Кресло мягко вдохнуло ее с ножками. "Все то же, - она качнулась сморщенным носиком вправо, влево, - только пыли больше... - томно замерла на чем-то интересном за стеклом в шкафу, - не скрою, я навела о тебе справки, поэтому не опасалась навредить. Ты знаешь, зачем я пришла?" Она медленно перевела взгляд на Виргилиуса, приклеенного к кожаному подлокотнику дивана. В ее глазах заклубилось что-то заоблачное, большое и важное, и самому Виргилиусу в них отвелось лишь два точечных места в самом низу. Она, вдруг, заговорила совершенно чужим голосом: "Я пришла сказать... что ты, моя совесть..." На ее щечки выкатились слезки: брызги - свидетели того мощного потока в груди, который, вероятно, и подтопил волнами дыхательные каналы, а когда на его пути встретились и пороги, плечи ее содрогнулись.
Виргилиус не переносил женских слез, поэтому и поторопился с: "Не понимаю..."
Через холмистую минуту взгляд ее прояснился: "Не притворяйся, ты умный, ты все понимаешь..." И далее она рассказала ему свою последнюю историю, начавшуюся несколько раньше того времени, когда они расстались: они - Виргилиус с Жеребцовой.
Случилось это в день рождения... Поздравляли, звонили, приходили, и так часто, что она уже открывала дверь без разбора; и вот - обомлела: перед ней стоял президент самой большой страховой компании города с тридцатью пятью огромными белыми розами. В дубленке, в длиннющем шарфе, в пыжиковой шапке, и весь такой красивый: сильный, высокий, настоящий. ("Ты его должен знать, его каждая собака знает!"). Бросил букет к ногам, упал на колени и стал просить руки; подружки - аж! - затряслись от зависти. Сели за стол, а одна посмотрела в окно и как закричит, что два молодца угнали его машину, а он даже не поднялся со стула, ("... правда, тогда он был выпимши"), сказал, что давно уже хотел заменить. Она думала - шутил, а он на следующий день на новенькой иномарке прикатил, и опять с цветами, и снова бухнулся в ноги, ("... правда, тогда он был выпимши"). И взял он ее тем, что повторил мысль Виргилиуса слово в слово: ("Браки заключаются на небесах, а венчание - есть земная печать Божьего изволения").
Не совсем таким образом высказывался Виргилиус по этому поводу, но перечить не стал.
Они обвенчались, ("... правда, тогда он был выпимши").

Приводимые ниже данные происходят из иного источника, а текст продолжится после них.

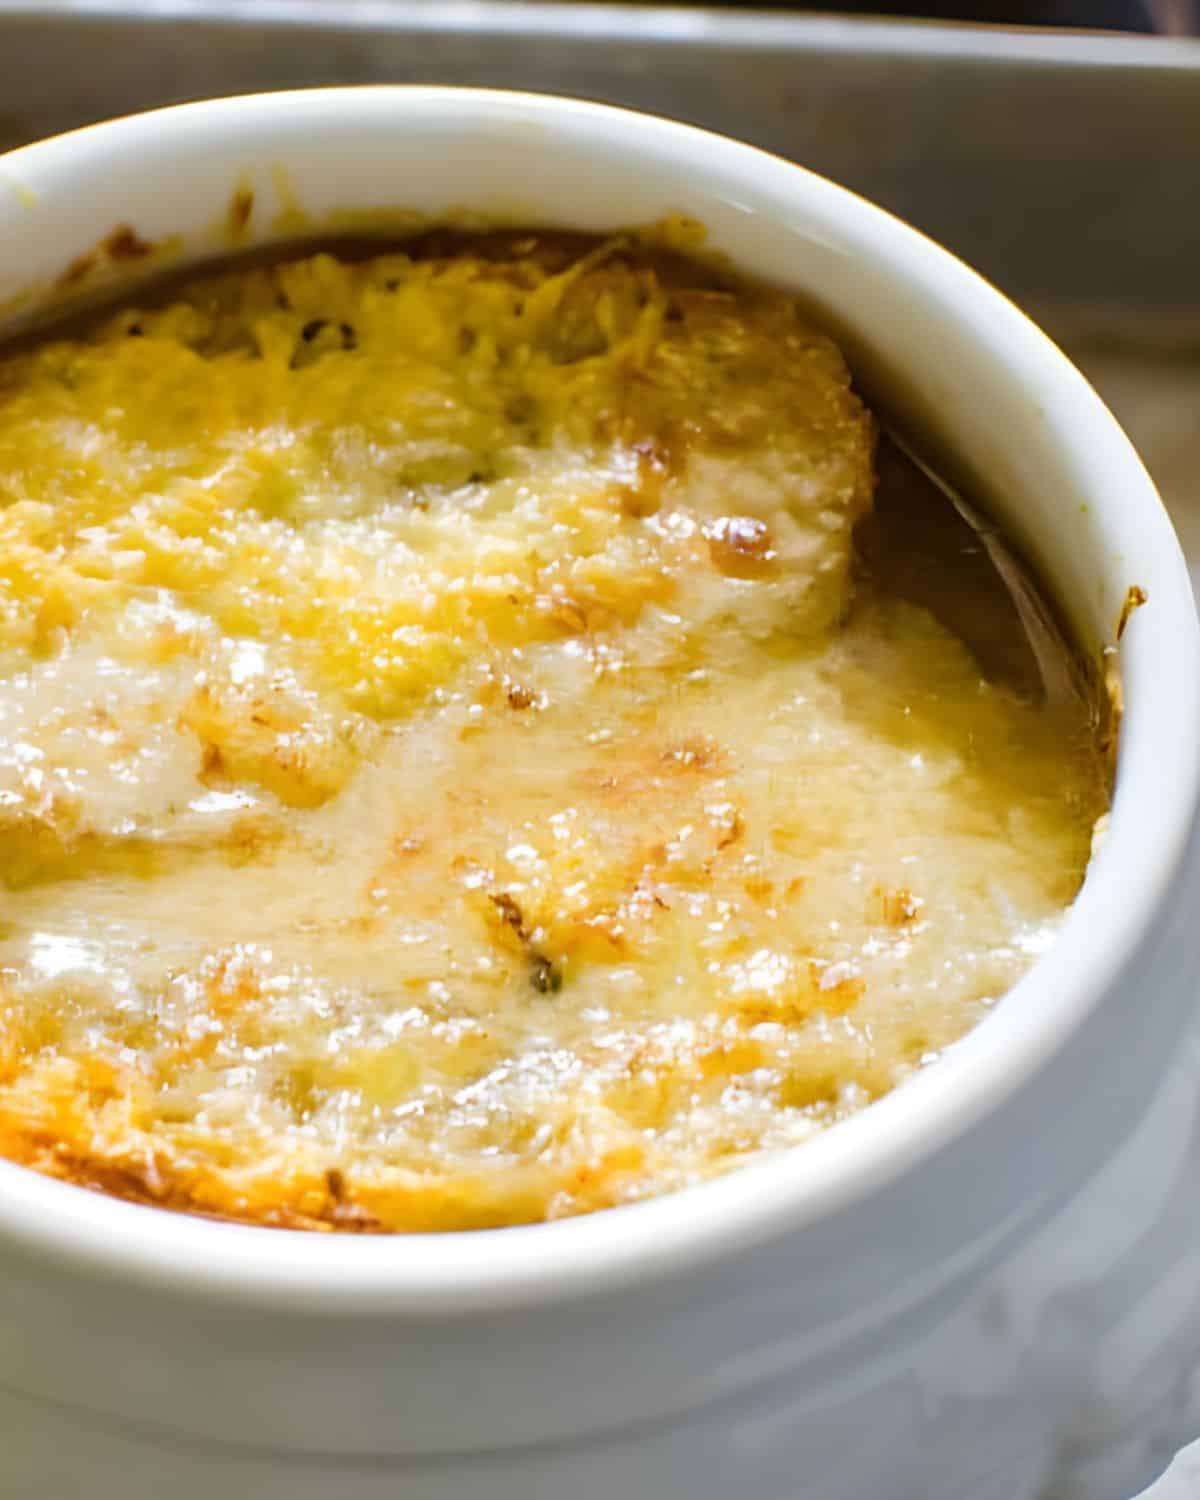 A bowl of French onion soup.

Стало ясным, что этой ее последней фразой будет изрядно нашпигован весь рассказ, поэтому Виргилиус сразу решил обозначить ее  крестиком в скобках, - так ему было проще быть внимательным.
Все складывалось счастливо, как не бывает лучше. ("Ты же знаешь, Виргилиус, я такая домашняя...")
Они купили участок в деревне, построили двухэтажный дом: просторный, светлый, с канализацией, с центральным газоснабжением, на стенах развесили акварели, по вечерам она музицировала. Когда собирались компании, он носил на ее руках, а она благодарная за те розы, в день их первого знакомства, заполонила такими же весь двор. ("Гараж и розы, розы, розы...")
Но все чаще стала она замечать тучи над их гнездышком.
Однажды он попросил лучшую ее подружку спуститься с ним в подвал за консервированными овощами и, как Оля сразу же догадалась, там ее "трахнул", (+). И был еще один вопиющий случай, когда к ним приехала ее родная сестра: Оля постелила ей в соседней комнате, а он посреди ночи стал уговаривать жену пойти к ней и спать втроем, так как та живой человек, и ей, наверняка, очень "хо-хо-хотелось", (+). И еще подобные были эпизоды, (+). "Быть может он болен, как ты думаешь, Виргилиус?" Потом он ее ударил, (+). И когда это стало входить в привычку, (+), она воспротивилась.
"А сегодня я узнала, что он с другой женщиной уехал в Саудовскую Аравию, и пришла к тебе... и знаешь почему?.. потому, что у нас с тобой были такие красивые отношения".
Виргилиус улыбнулся, но не ей, а ему, тогдашнему первому контакту между ними: они - Виргилиус с Жеребцовой.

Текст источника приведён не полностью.